In July 1399, whilst Richard II was absent in Ireland, Henry landed at Ravenspur in Yorkshire. He marched across central and western England winning popular support. Richard returned to England, but was abandoned by his allies and surrendered in August 1399. On 30 Sep 1399 the Parliament that had been summoned to assemble on this date convened and approved Richard's abdication. The assembly also assented to the articles of deposition and acclaimed Henry, who claimed his right to the crown by his descent, as King of England. An attempt to restore Richard II in early 1400 cost the former king his life. In Wales Owen Glendower headed the revolt against the English and a number of expeditions sent to subdue it was unsuccessful.
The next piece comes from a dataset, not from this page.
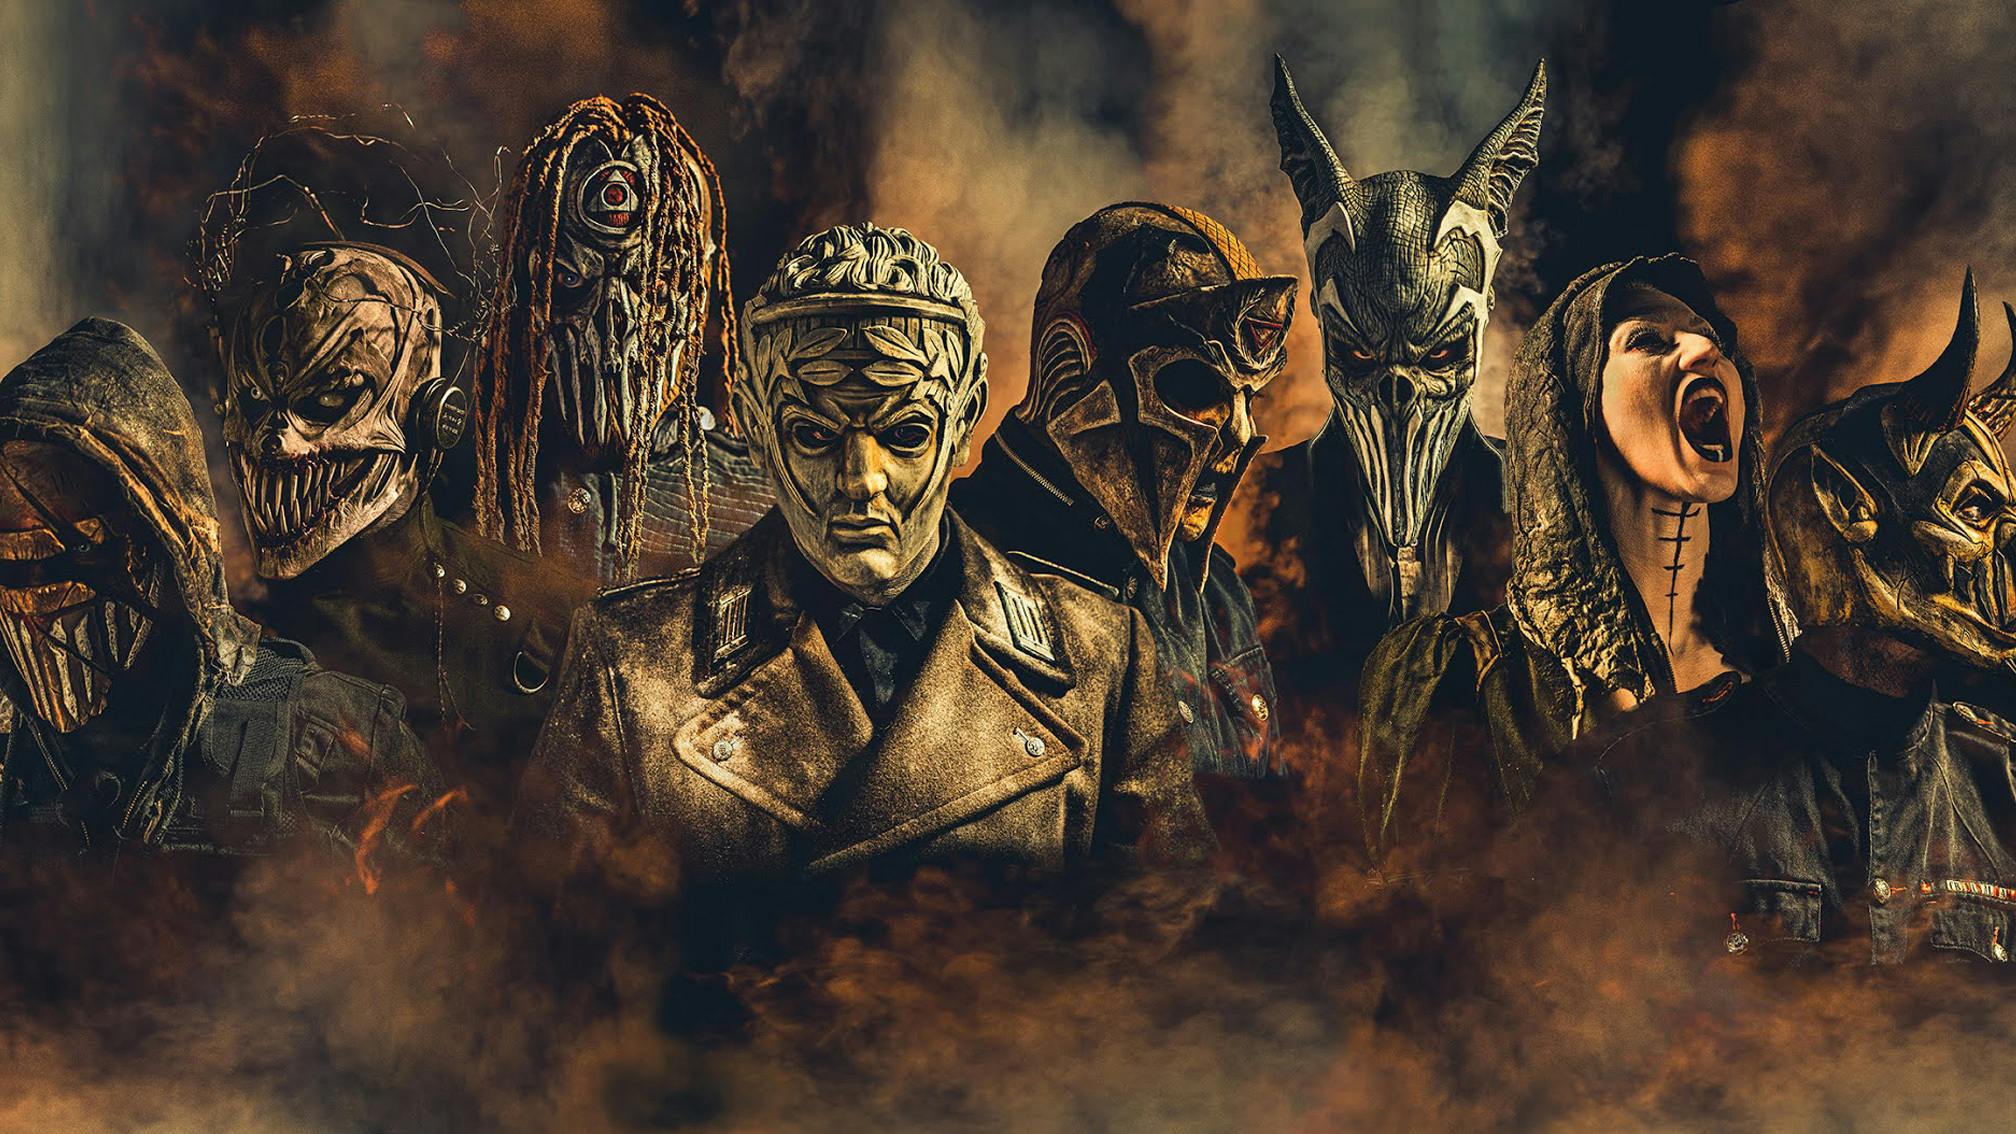 Mushroomhead On Slipknot Beef: "We Spent A Lot Of Time Complaining About Them For Nothing"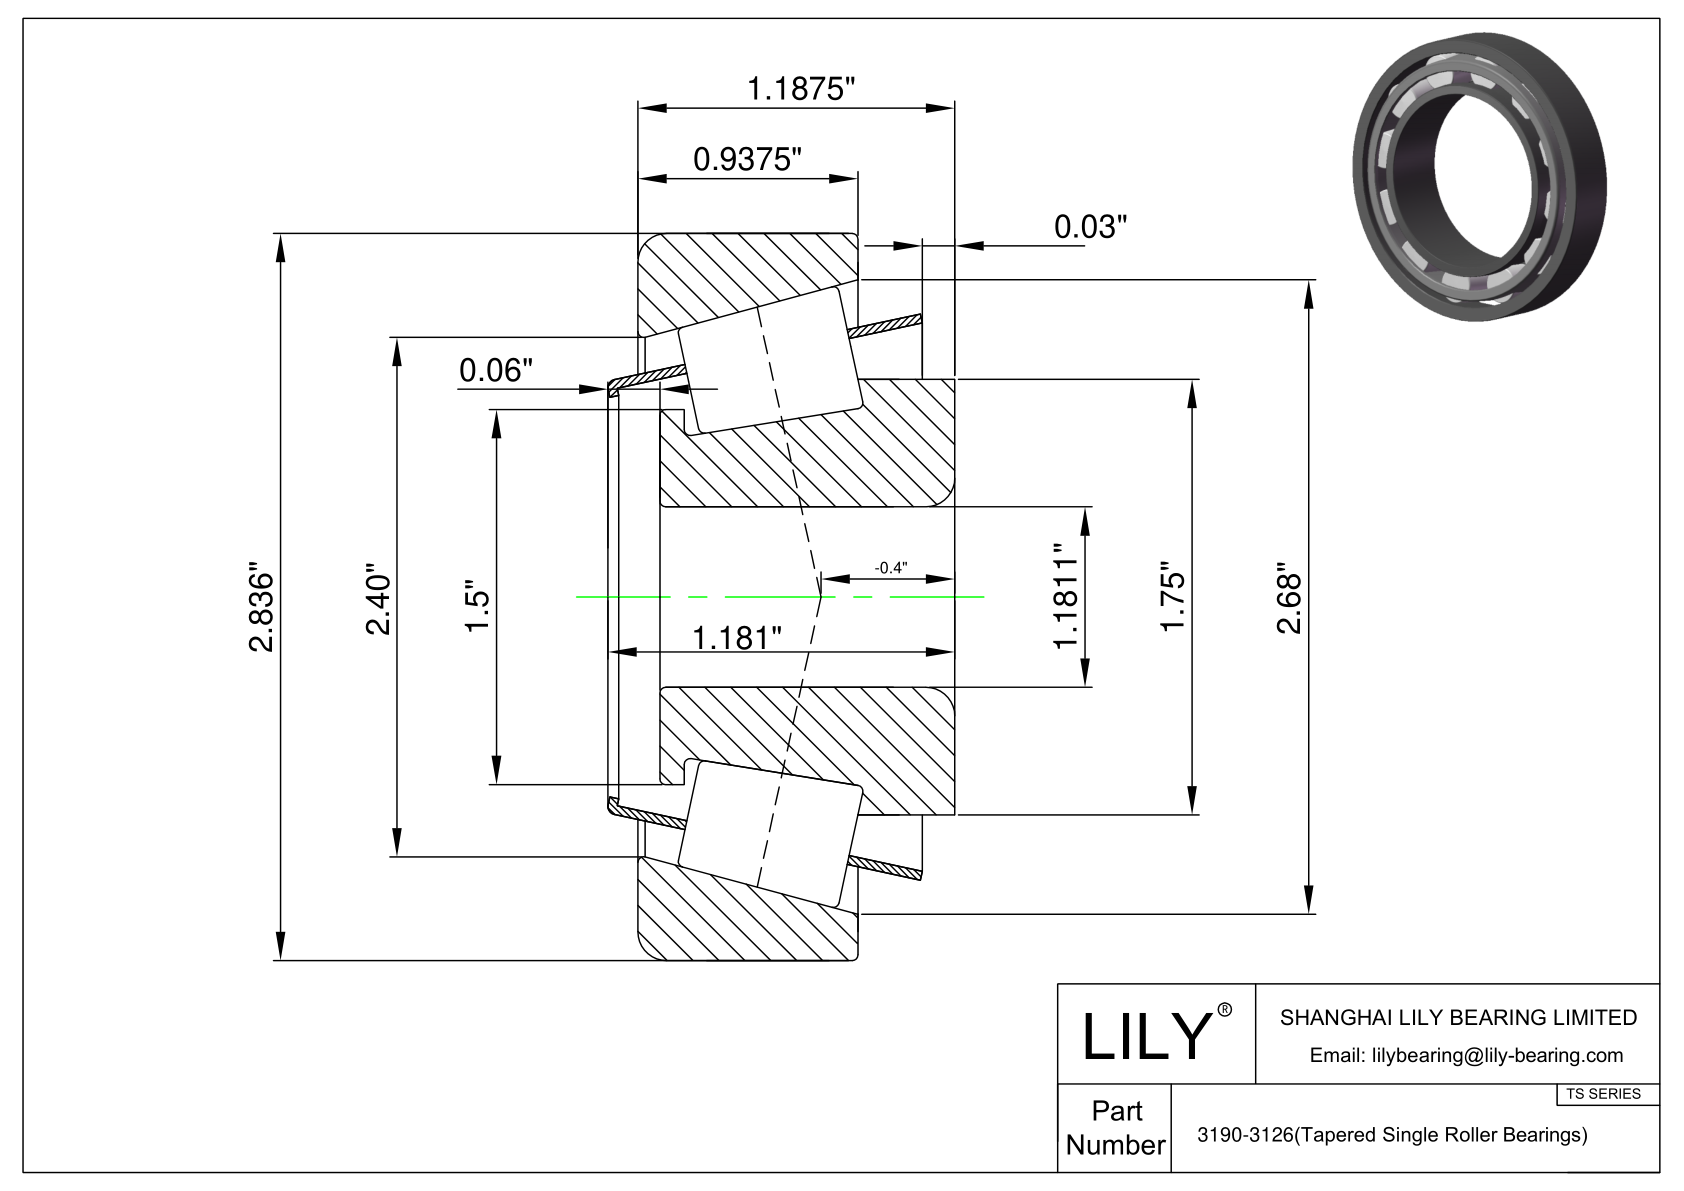 3190-3126 TS (Tapered Single Roller Bearings) (Imperial) cad drawing

In 1403, Henry's supporters, the Duke of Northumberland and his son, Henry Percy (Hotspur), allied themselves with the Welsh and the party of Edmund Earl of Mortimer, who had a better claim to the throne than Henry IV. The rebels were defeated by Henry at the Battle of Shrewsbury (21 Jul 1403). Another rebellion in the north (1405), led by Mowbray and Richard Scrope archbishop of York, ended up with executions including that of the archbishop. About that time Henry began to suffer from sore disease and was forced to nominate a council (1406) and govern by its advice. With Archbishop Arundel as his chancellor, Henry still controlled the government, but in 1410 the king's son, Henry Prince of Wales (later King Henry V), assumed the real power. Although the king discharged the Prince and his supporters, the Beauforts, in November 1411, his health was failing steadily and he died in the Jerusalem Chamber after praying in the Westminster Abbey on 20 Mar 1413. [2; 3; 4]


[1] Henry was probably born on 3 Apr 1366 — the day of the victory of Edward the Black Prince at Nájera. Also, it is possible that he was born during 1367, since in the summer or autumn of this year two messengers bringing news of the birth were separately rewarded by the infant's paternal grandfather King Edward III and his eldest son, the Black Prince. However, this might refer to another birth, that of an infant son of the Duchess Blanche, who did not survive.
[2] Handbook of British Chronology (1986)
[3] "Henry IV", by Bryan Bevan (The Rubicon Press, London 1994).
[4] "Chronicles of the Revolution 1397-1400: The Reign of Richard II", translated and edited by Chris Given-Wilson (Manchester Univ. Press 1993).
[5] Image: portrait of King Henry IV by unknown artist, late 16th or early 17th century.